Pathways

Pathway analyses are done using fold-change values returned by limma or DESeq2. Since there are fold-change values for each comparison, so pathway analysis can be conducted on each comparison. Note that pathway analysis uses fold-change values of all genes and hence is independent of the selected DEGs.

However, users can choose to filter out some genes with noisy fold-changes by using a FDR cutoff by reducing the “Remove genes with big FDR before pathway analysis” from the default value of 1 to a relatively bigger FDR cutoff like 0.6. If this is done then, genes with FDR > 0.6 is removed from pathway analysis.

Pathway analysis can be performed using several methods. GSEA (Gene Set Enrichment Analysis) (Subramanian et al., 2005) is conducted in the pre-ranked mode using a recent faster algorithm based on the fgsea package (Sergushichev, 2016). PAGE (Parametric Analysis of Gene Set Enrichment) (Kim and Volsky, 2005) is used as implemented in PGSEA package(Furge and Dykema, 2012). For PGSEA there are two versions. One only analyzes the selected comparisons and another option (“PGSEA w/ all samples”) enables the user to analyze all sample groups.
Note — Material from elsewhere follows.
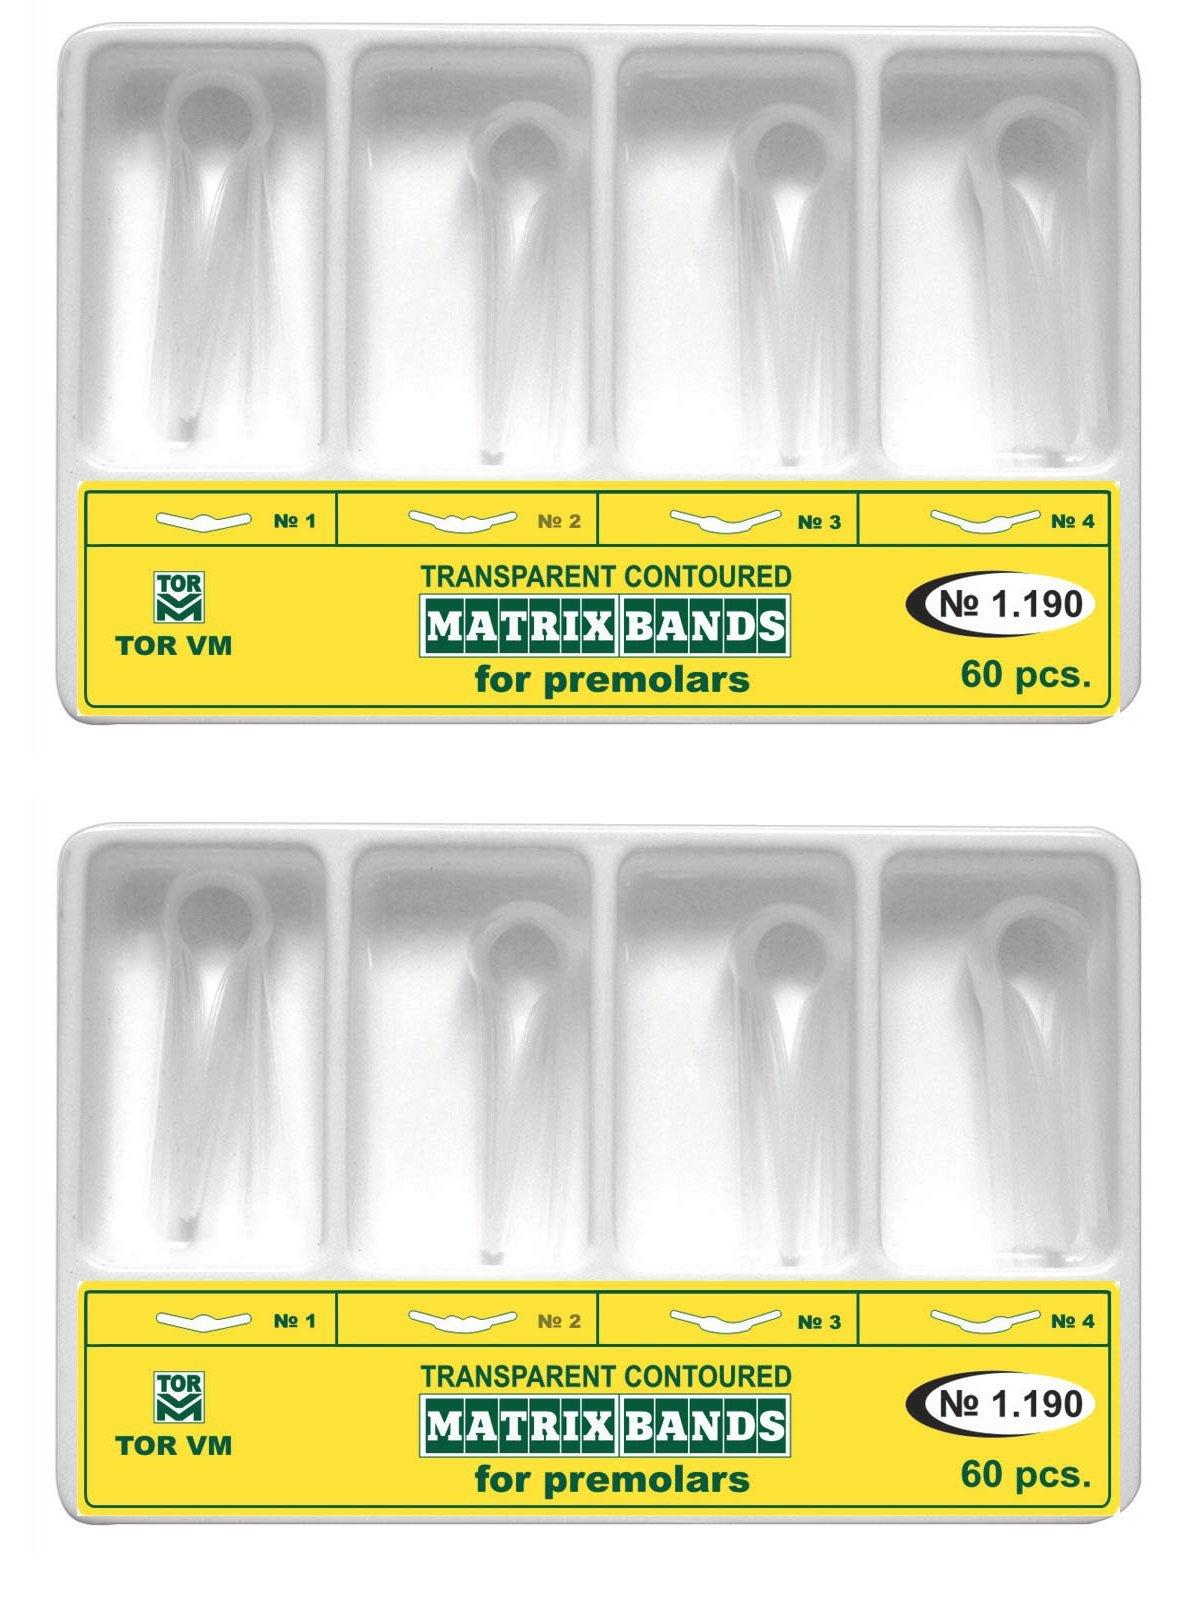 Lot x 2 Dental Kit of Premolar Transparent Contoured Matrix Matrices Bands 60 pcs./pack

Unlike all of these methods rely on the built-in geneset databases, ReactomePA (Reactome Pathway Analysis) (Yu and He, 2016) retrieves genesets from Reactome (Fabregat et al., 2016; Yu and He, 2016).
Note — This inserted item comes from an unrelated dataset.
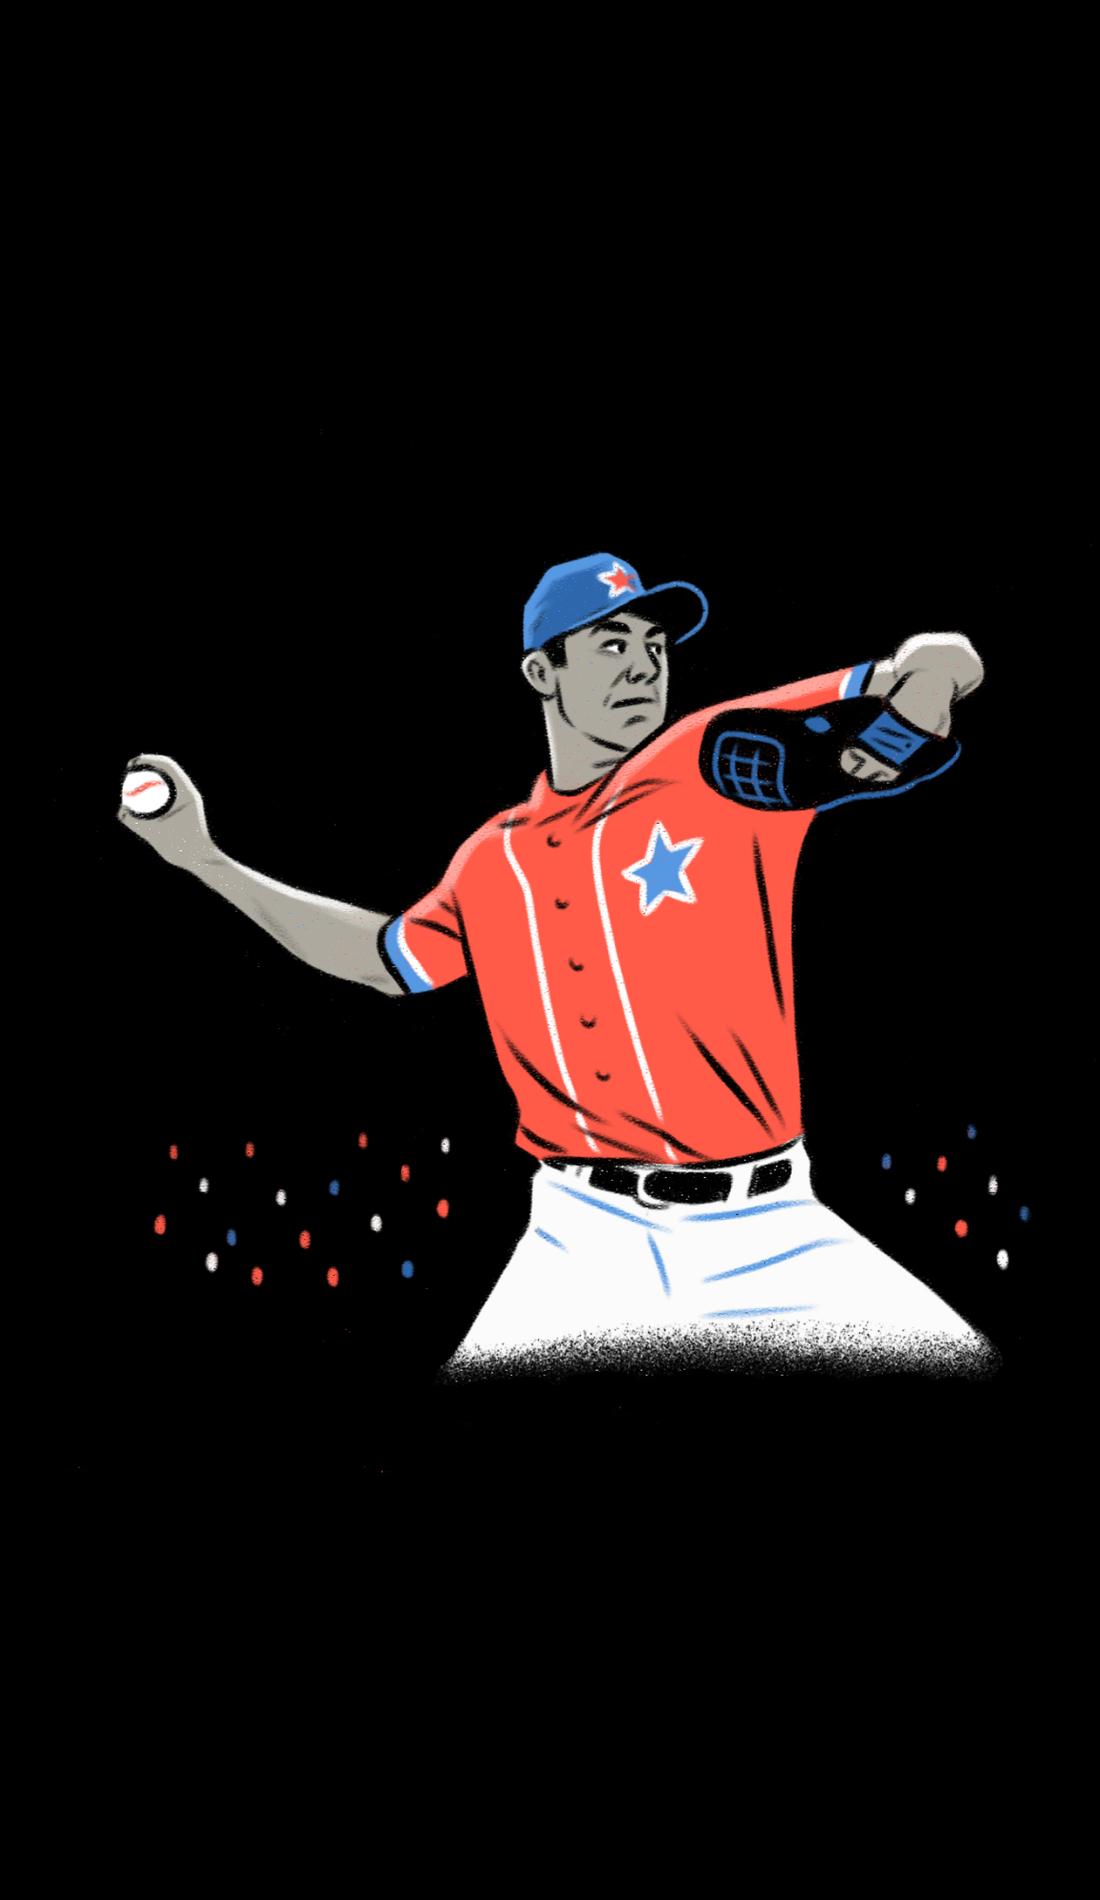 A Maryland Terrapins Baseball live event

Gene expression data can be visualized on KEGG pathway diagrams (Kanehisa et al., 2017) using Pathview (Luo and Brouwer, 2013). Note that Pathview download pathway diagrams directly from KEGG website and thus is slow.

On the lower left side of the screen, there is checkbox named “Use absolute values of fold changes for GSEA and GAGE”. This is useful as some molecular pathways can be modulated by up-regulating some genes while down-regulating others. This is especially useful when using KEGG pathways. For others genes sets such as TF target genes, microRNA target genes where we know the regulation is one-directional, we should not check this box.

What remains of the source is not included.